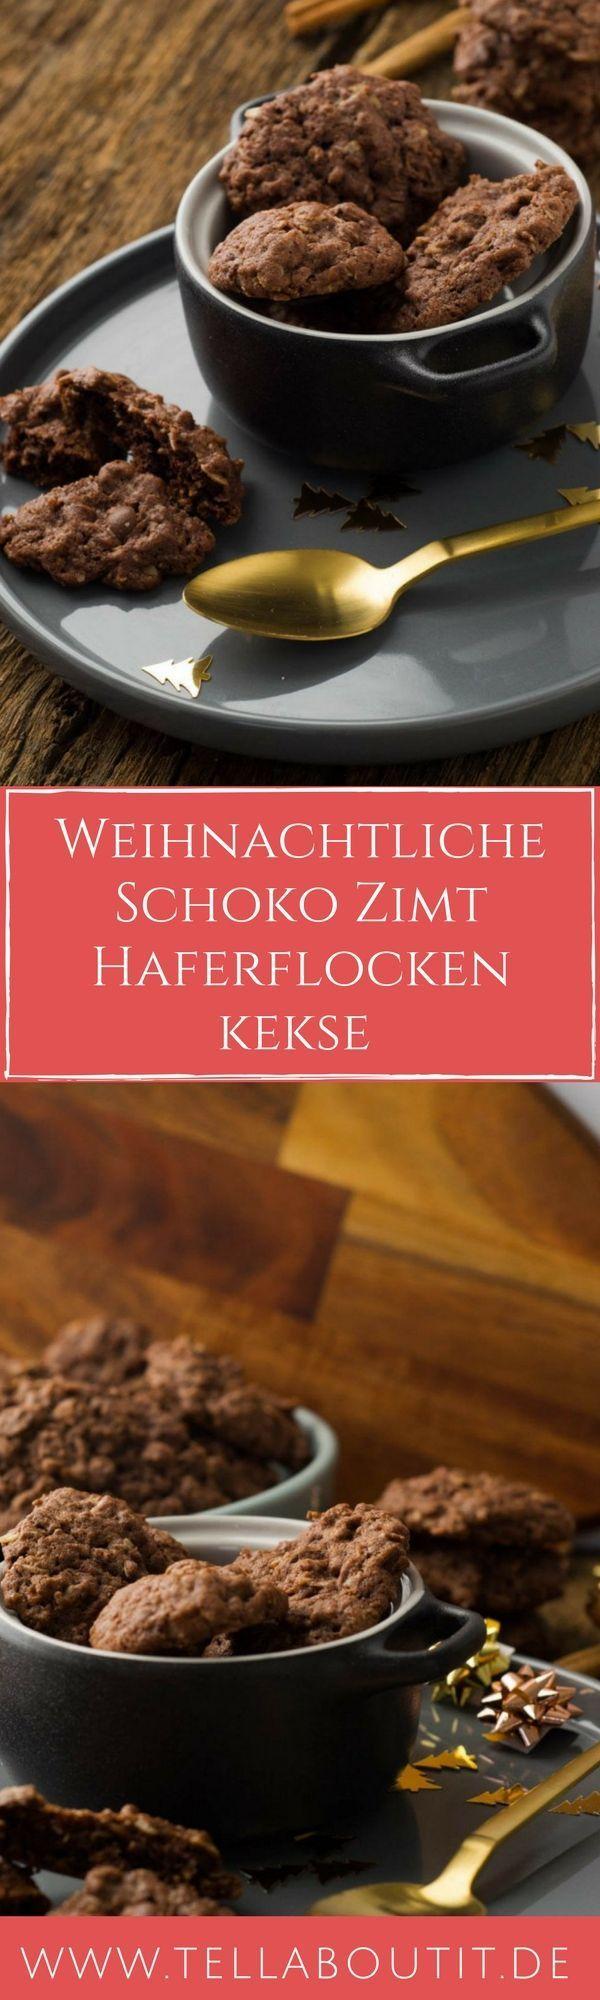 schoko haferflockenkekse mit zimt rezept kuchen pinterest. Black Bedroom Furniture Sets. Home Design Ideas
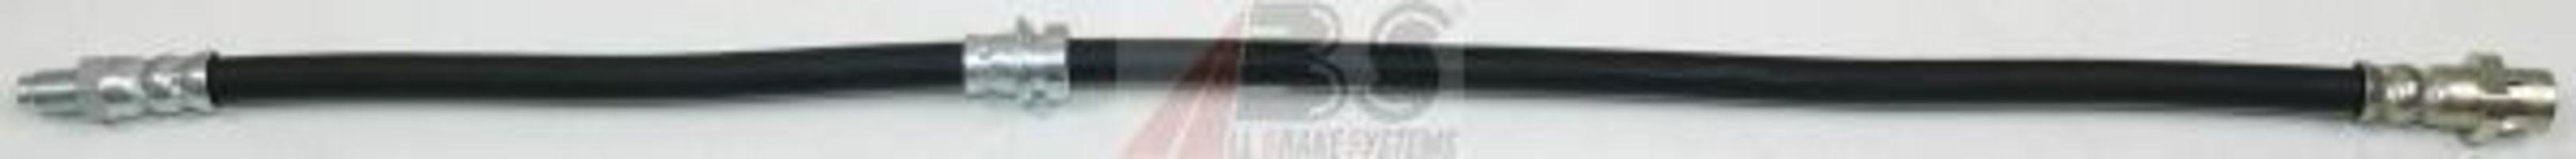 Шланг тормозной A.B.S. SL5833
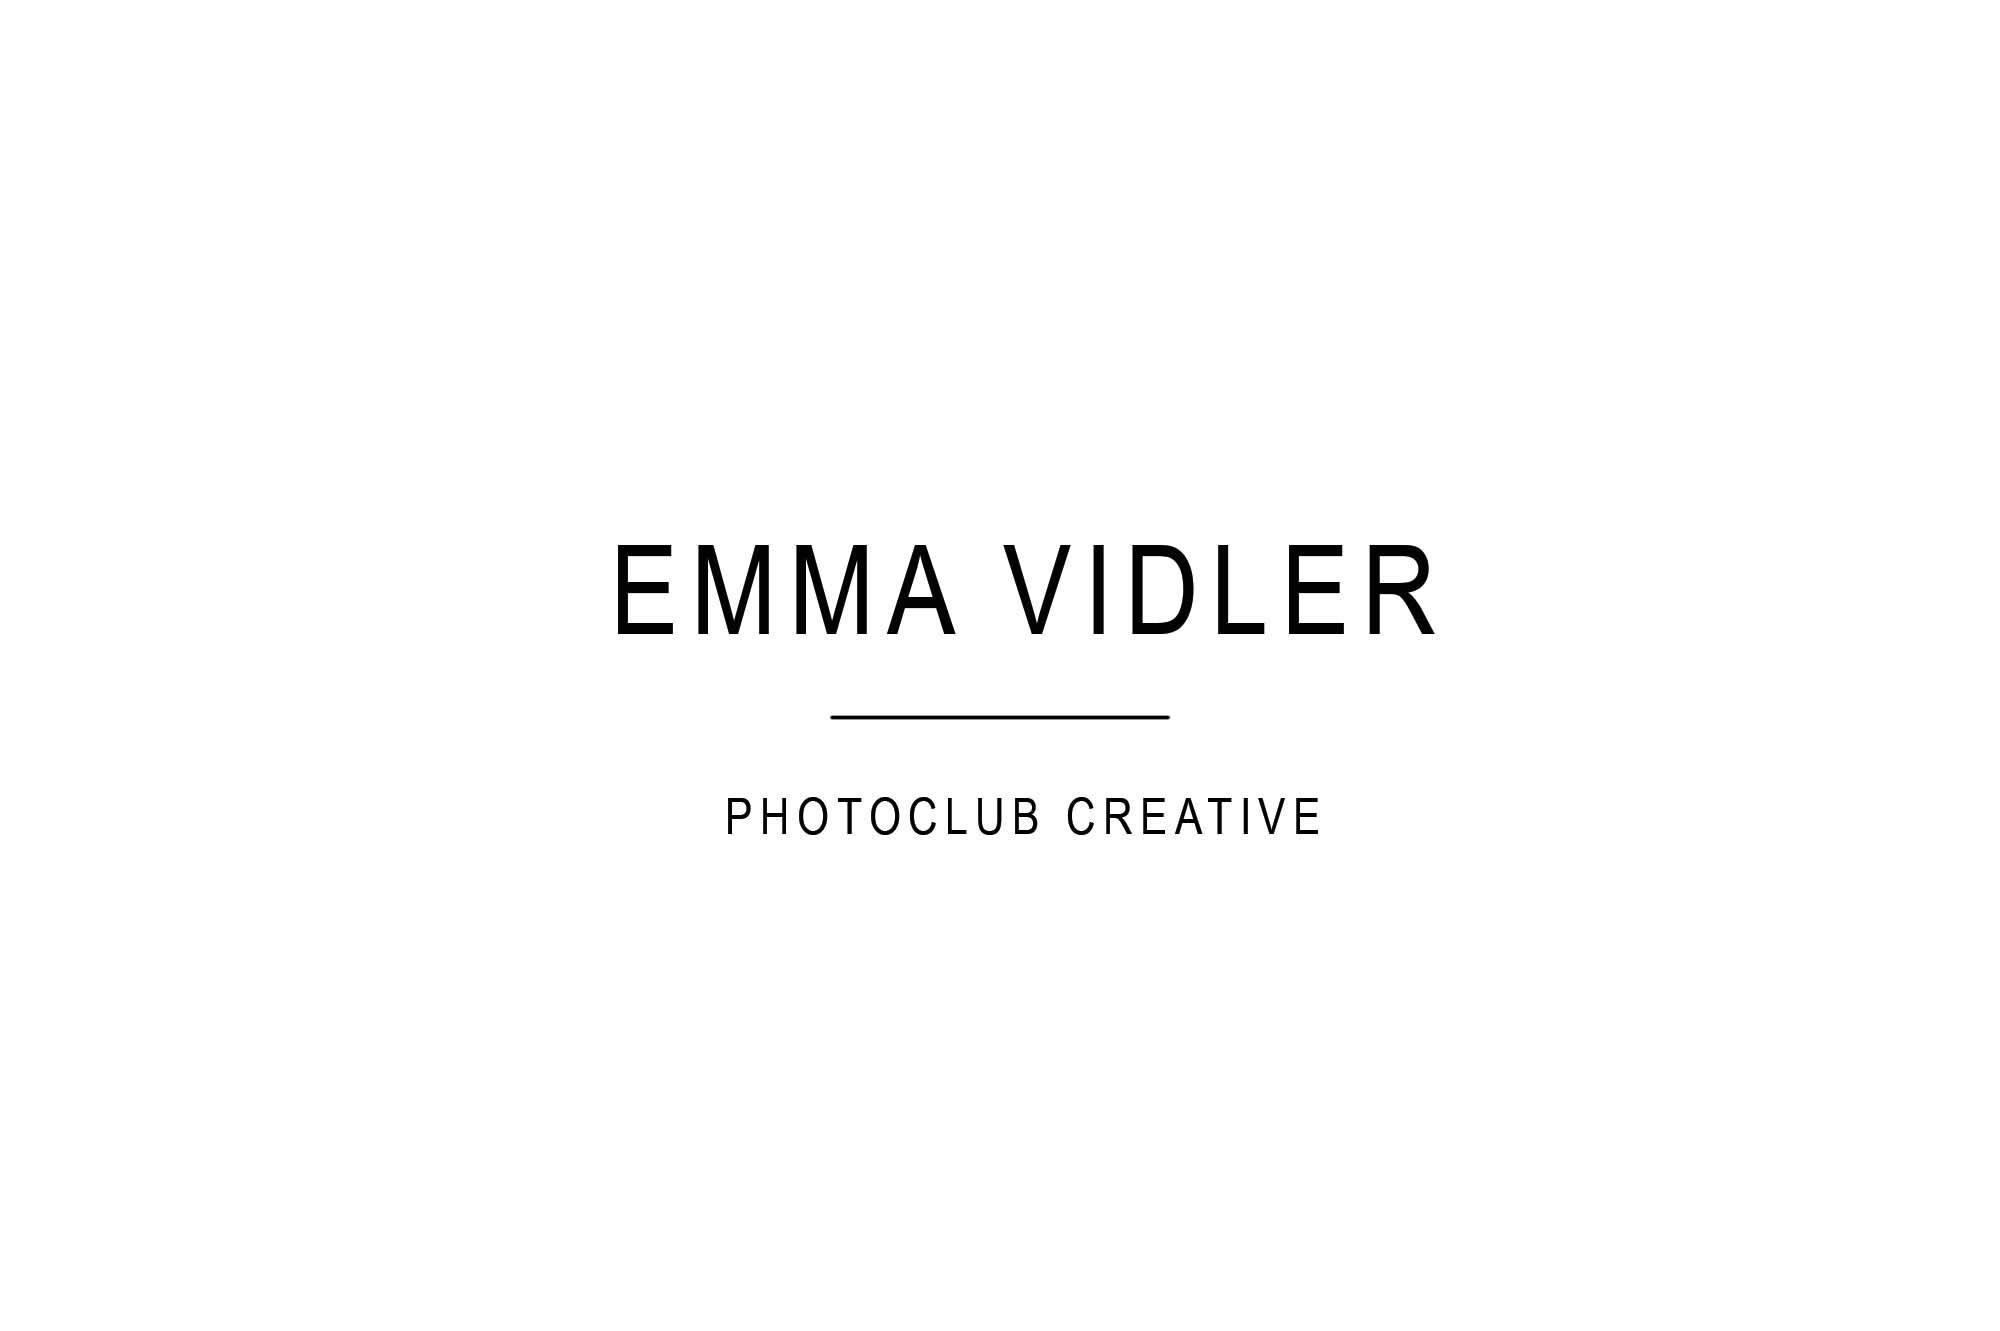 EmmaVidler_00_Title_WhtBg.jpg
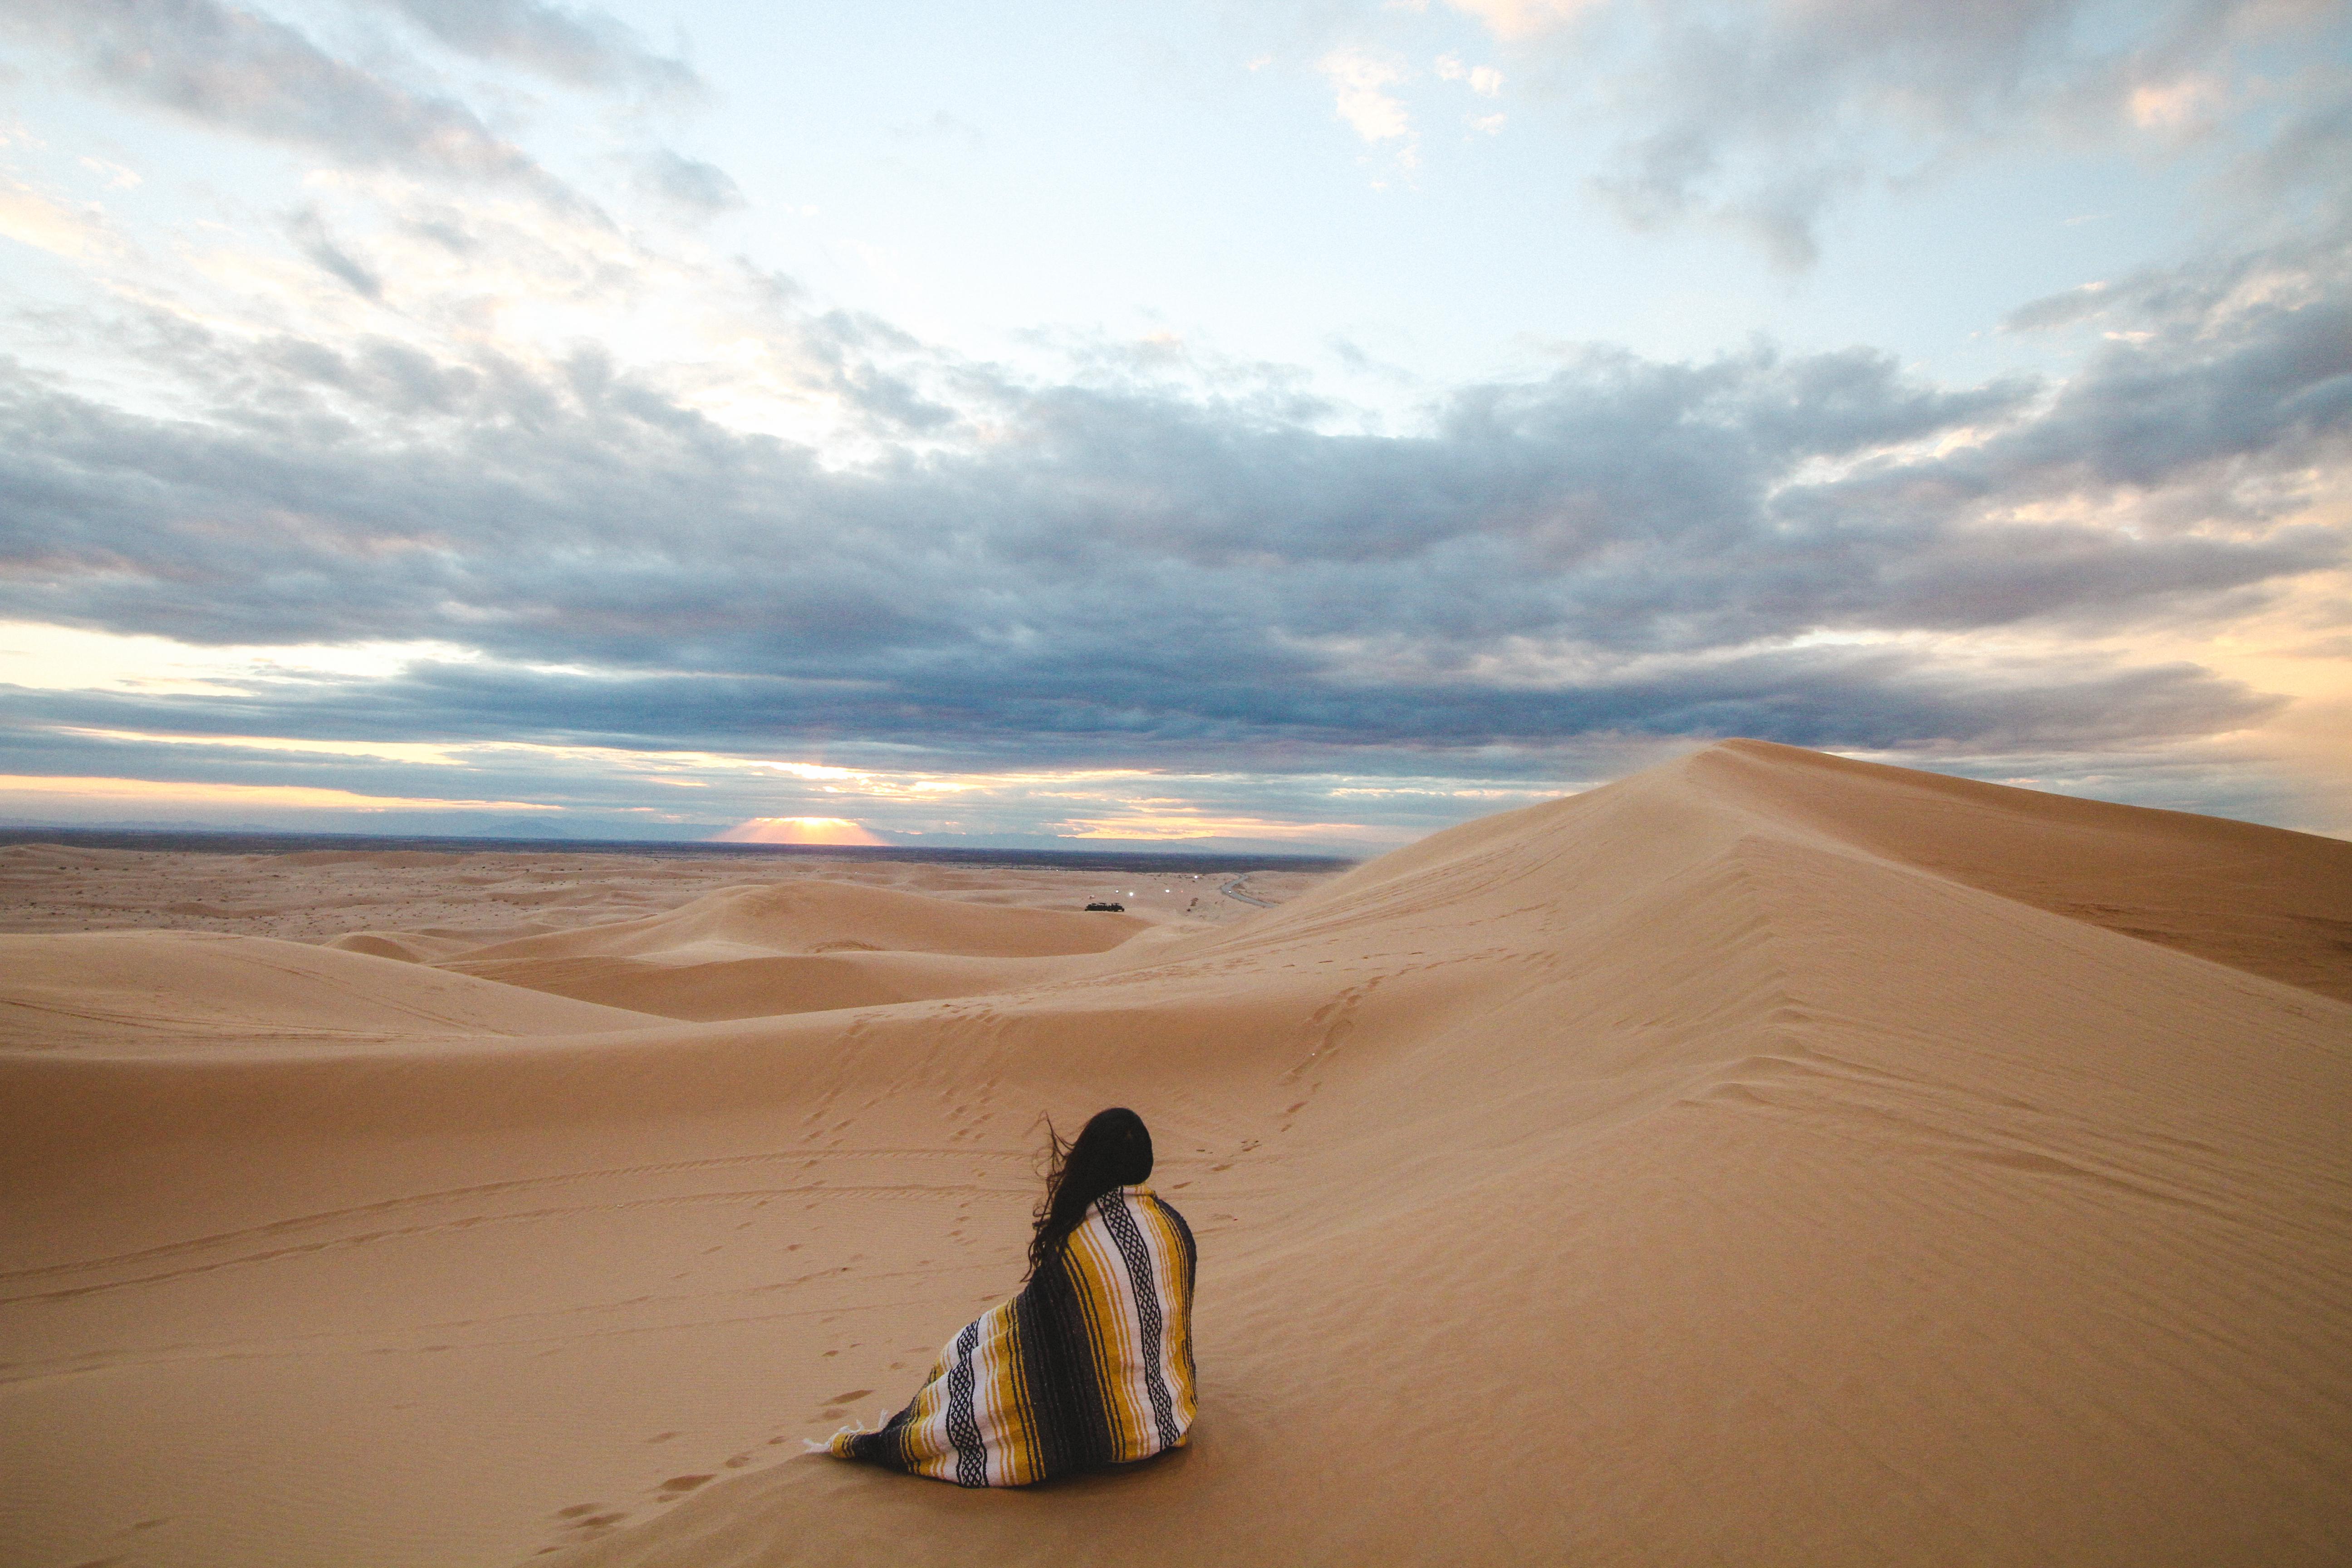 картинки на аву пустыня и глазами плагине применяются алгоритмы

◆ **Problem to work on**
The result is an exact copy of the lines from the one holding "EmmaVidler_00_Title_WhtBg.jpg" through the final line of the data above, both ends included, minus the pictures.

◆ **Solved problem**
 EmmaVidler_00_Title_WhtBg.jpg
 картинки на аву пустыня и глазами плагине применяются алгоритмы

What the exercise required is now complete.